**Prompt**
When you reach the line with "Extra Strength Berry" in the records below, begin transcribing exactly and continue up to and including the line with "Women's Mixed Fabric", leaving out every picture.

**Recorded information**
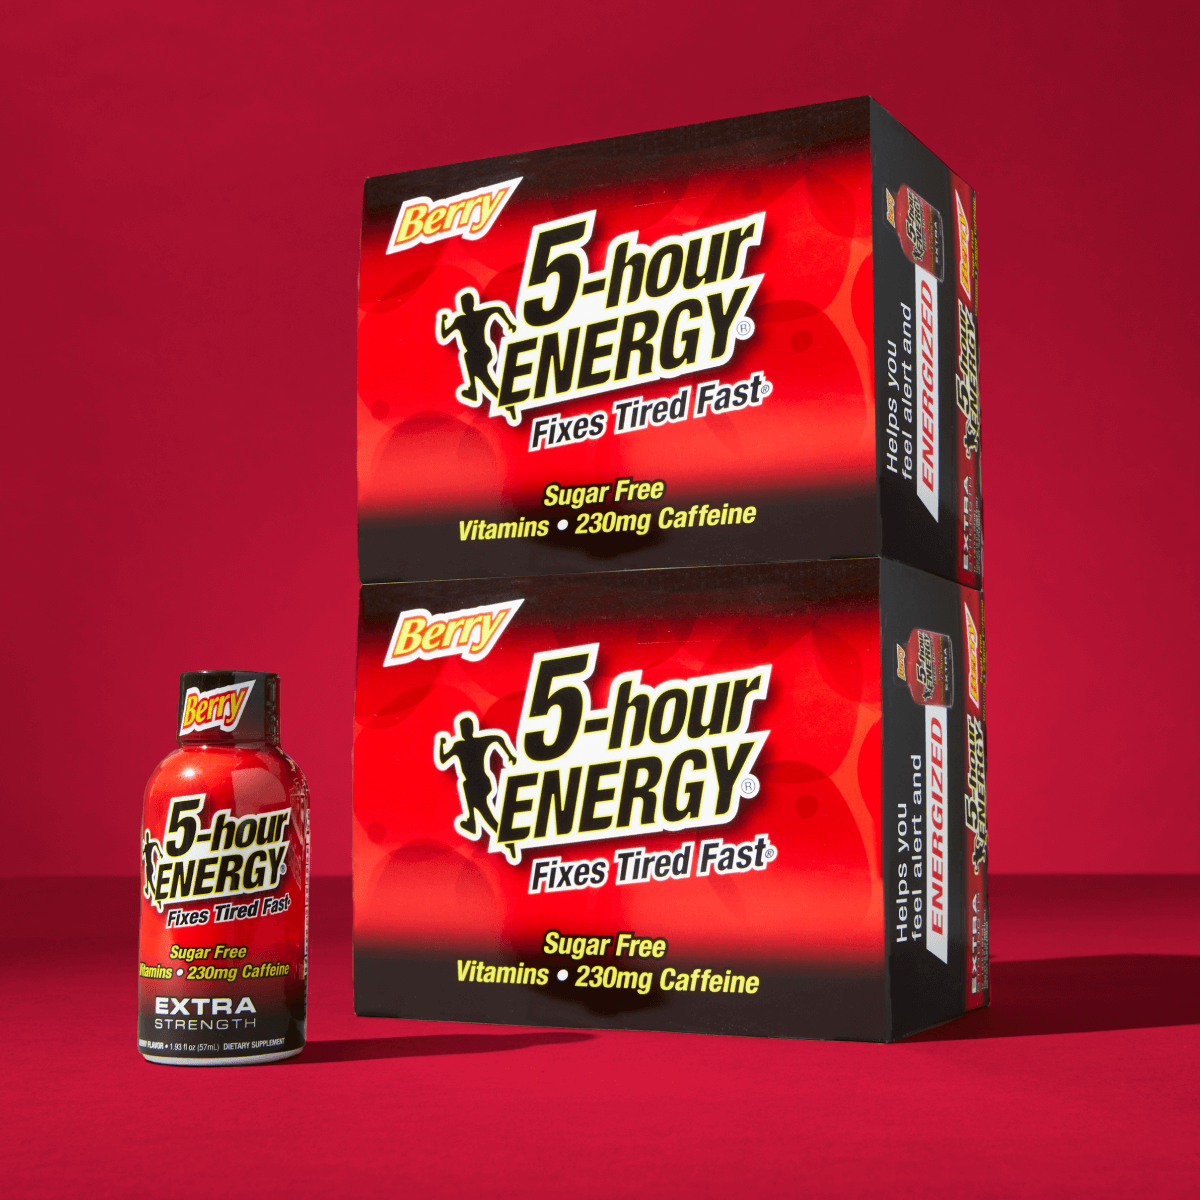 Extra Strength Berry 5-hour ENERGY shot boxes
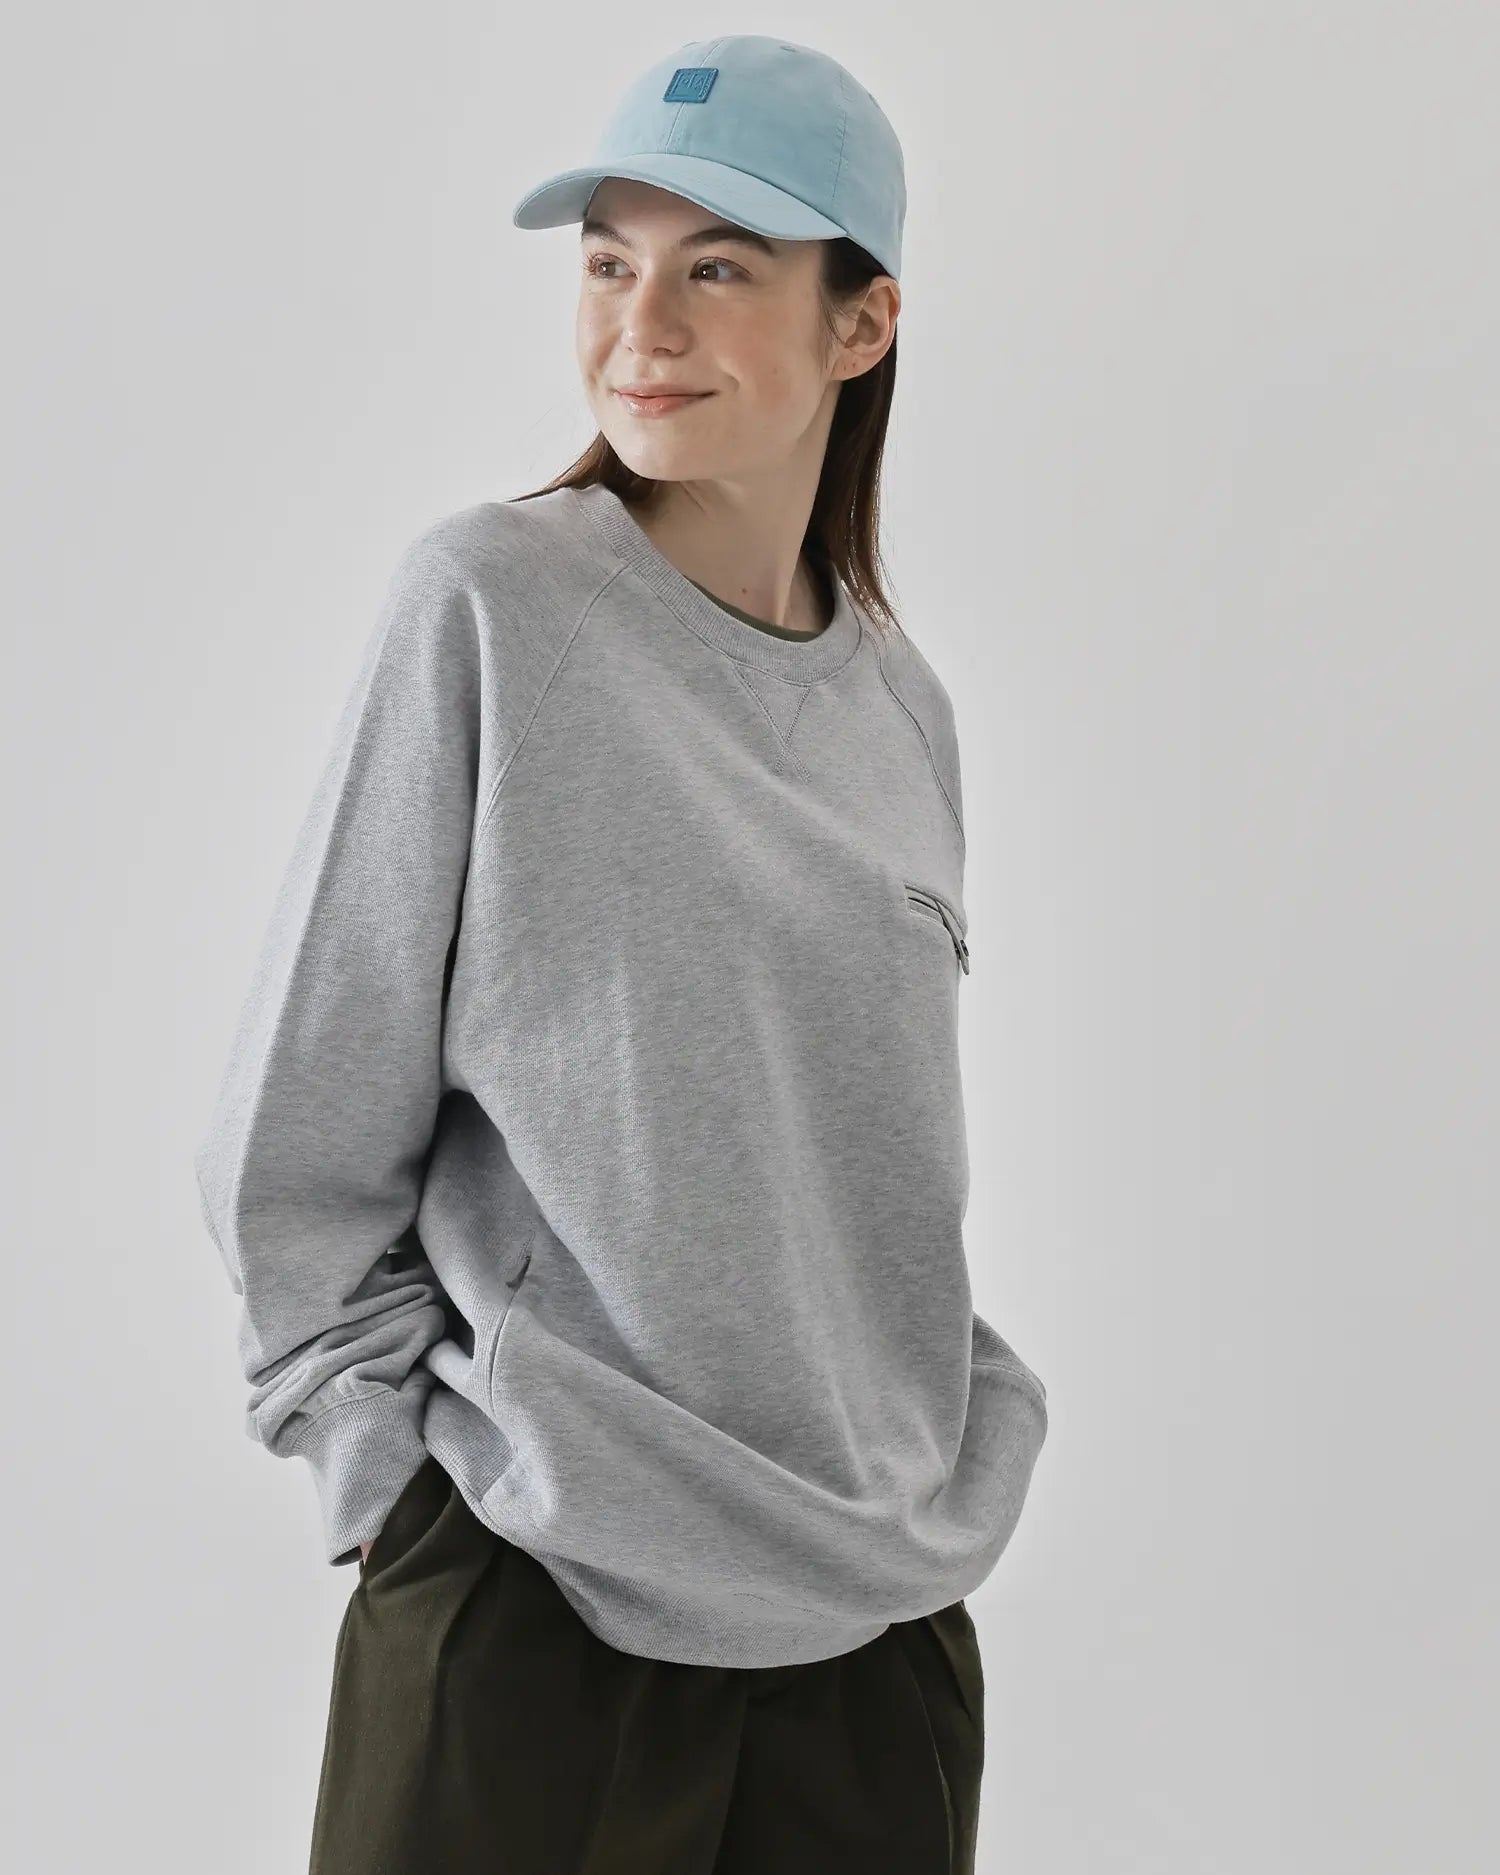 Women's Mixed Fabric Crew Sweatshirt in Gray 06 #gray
* * *
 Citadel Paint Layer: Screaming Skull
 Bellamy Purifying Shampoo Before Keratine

**Output for this task**
 Extra Strength Berry 5-hour ENERGY shot boxes
 Women's Mixed Fabric Crew Sweatshirt in Gray 06 #gray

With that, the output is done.